# Where to live in Toronto!!



## mike24wc (Jun 22, 2011)

i am a 29 yr old male....i have had a job offer in Toronto. i am flying over to meet the CEO in a few weeks. can anyone recommend good areas to live in? i think i will have about $1000 - $1500 a month for rent maybe more depending on the area. close to bars restaurants and all the usual places!

HELP!!!!!


----------



## Auld Yin (Mar 10, 2009)

mike24wc said:


> i am a 29 yr old male....i have had a job offer in Toronto. i am flying over to meet the CEO in a few weeks. can anyone recommend good areas to live in? i think i will have about $1000 - $1500 a month for rent maybe more depending on the area. close to bars restaurants and all the usual places!
> 
> HELP!!!!!


Toronto is a big city. Do you have any idea whereabouts the company is located?


----------



## mike24wc (Jun 22, 2011)

the office is in King street east........ i think from what i can see its pretty central.


----------



## Auld Yin (Mar 10, 2009)

mike24wc said:


> the office is in King street east........ i think from what i can see its pretty central.


Well there's lots of new apartment buildings within easy walking distance but you'll be pushed to find much decent within your budget.


----------



## 4drsupra (Sep 1, 2010)

lots of places downtown and like what I mentioned in another thread just stay away from james town and parts of cabbage town...
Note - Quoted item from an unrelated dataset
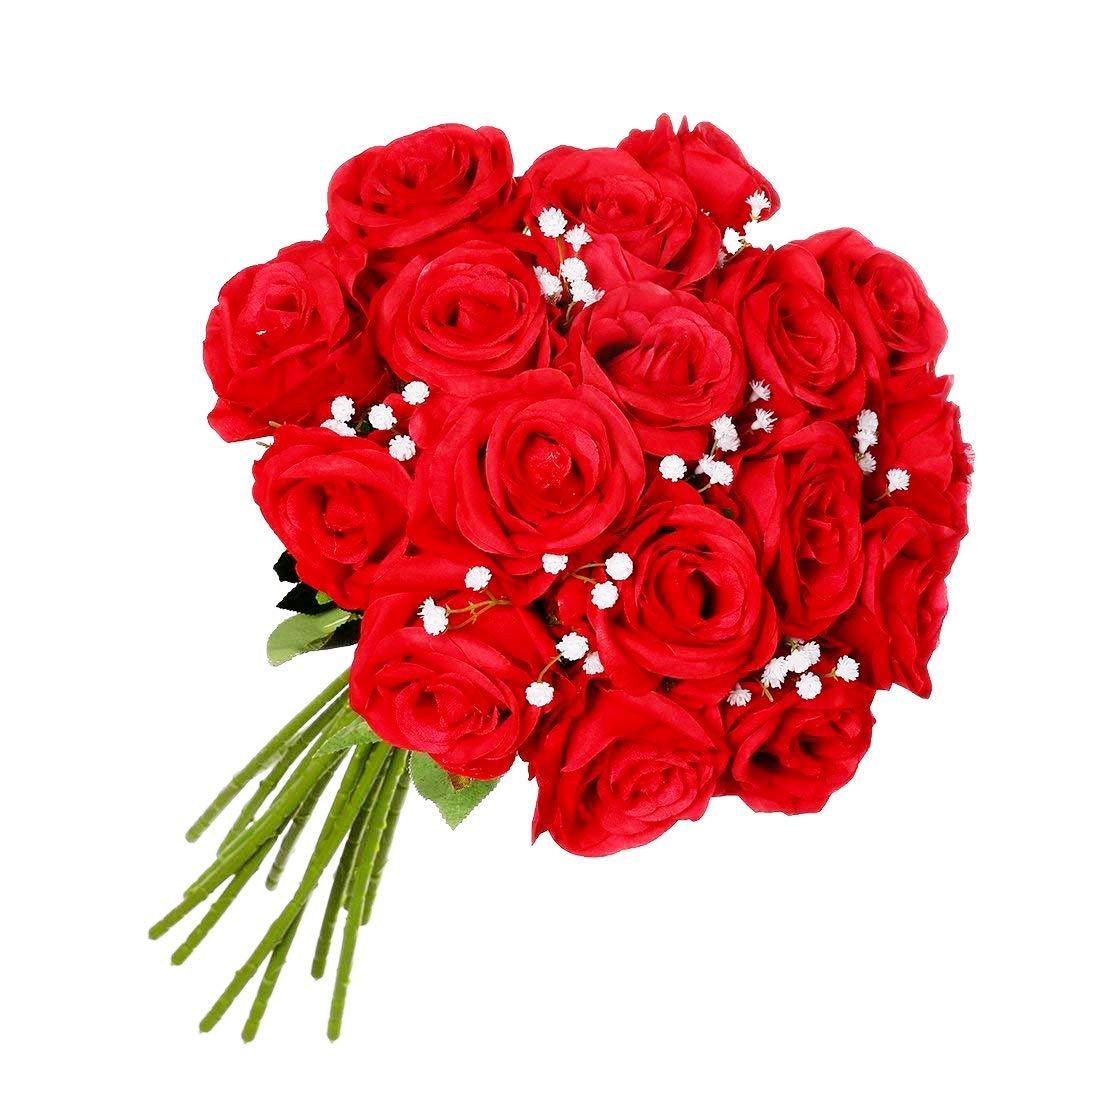 Justoyou, set di 9 rose artificiali, in seta, colore rosso, bouquet realistico, con gipsofila bianca, ideale per decorazione della casa o per le nozze J-9JBMGHOS1MTX

cheaper apartments downtown usually is in the intersections like: (in no particular order)

carlton and jarvis

church and wellesley ( this is pride town)

yonge and wellesley

dundas and jarvis 

bay and college

king st. and sherbourne

Midtown...which is still pretty close via subway:

yonge and eglinton area

yonge and st. clair

rosedale area.

those area's you should find a decent apartment within your budget and they are pretty close to bars and good restaurants too...

also visit renters.ca for more listings but I personally would stick around those intersections i just mentioned...good luck


----------



## Canuck2Kiwi (Jun 22, 2011)

mike24wc said:


> i am a 29 yr old male....i have had a job offer in Toronto. i am flying over to meet the CEO in a few weeks. can anyone recommend good areas to live in? i think i will have about $1000 - $1500 a month for rent maybe more depending on the area. close to bars restaurants and all the usual places!
> 
> HELP!!!!!


I would recommend the Lakeshore and Strachan area. It's in walking distance to shops and restaurants but being by the lake I found it to be a bit quieter. There's also Liberty Village in the King and Dufferin area.


----------



## ClaytonP (Apr 15, 2011)

Liberty Village is a good choice. If you want a great, hip bar and restaurant scene, try Queen West (Queen street west of University). You can find really great loft apartments there.


----------



## Auld Yin (Mar 10, 2009)

saaf said:


> i am moving to Toronto can you guys tell me about this city about jobs what type of job will available and what is the housing rent and other expense Toronto is expensive city ?


Under what visa are you moving to Toronto and what do you do for a living. For a reasonable, not luxurious, standard of living you will need an income of no less than $50k per annum.


----------



## northcrest (Apr 26, 2011)

You have to know that most of houses in Toronto are wooden. You have to choose a concrete building if you don't want to hear your neighbours


----------



## Auld Yin (Mar 10, 2009)

northcrest said:


> You have to know that most of houses in Toronto are wooden. You have to choose a concrete building if you don't want to hear your neighbours


That is a gross exaggeration to say the least.


----------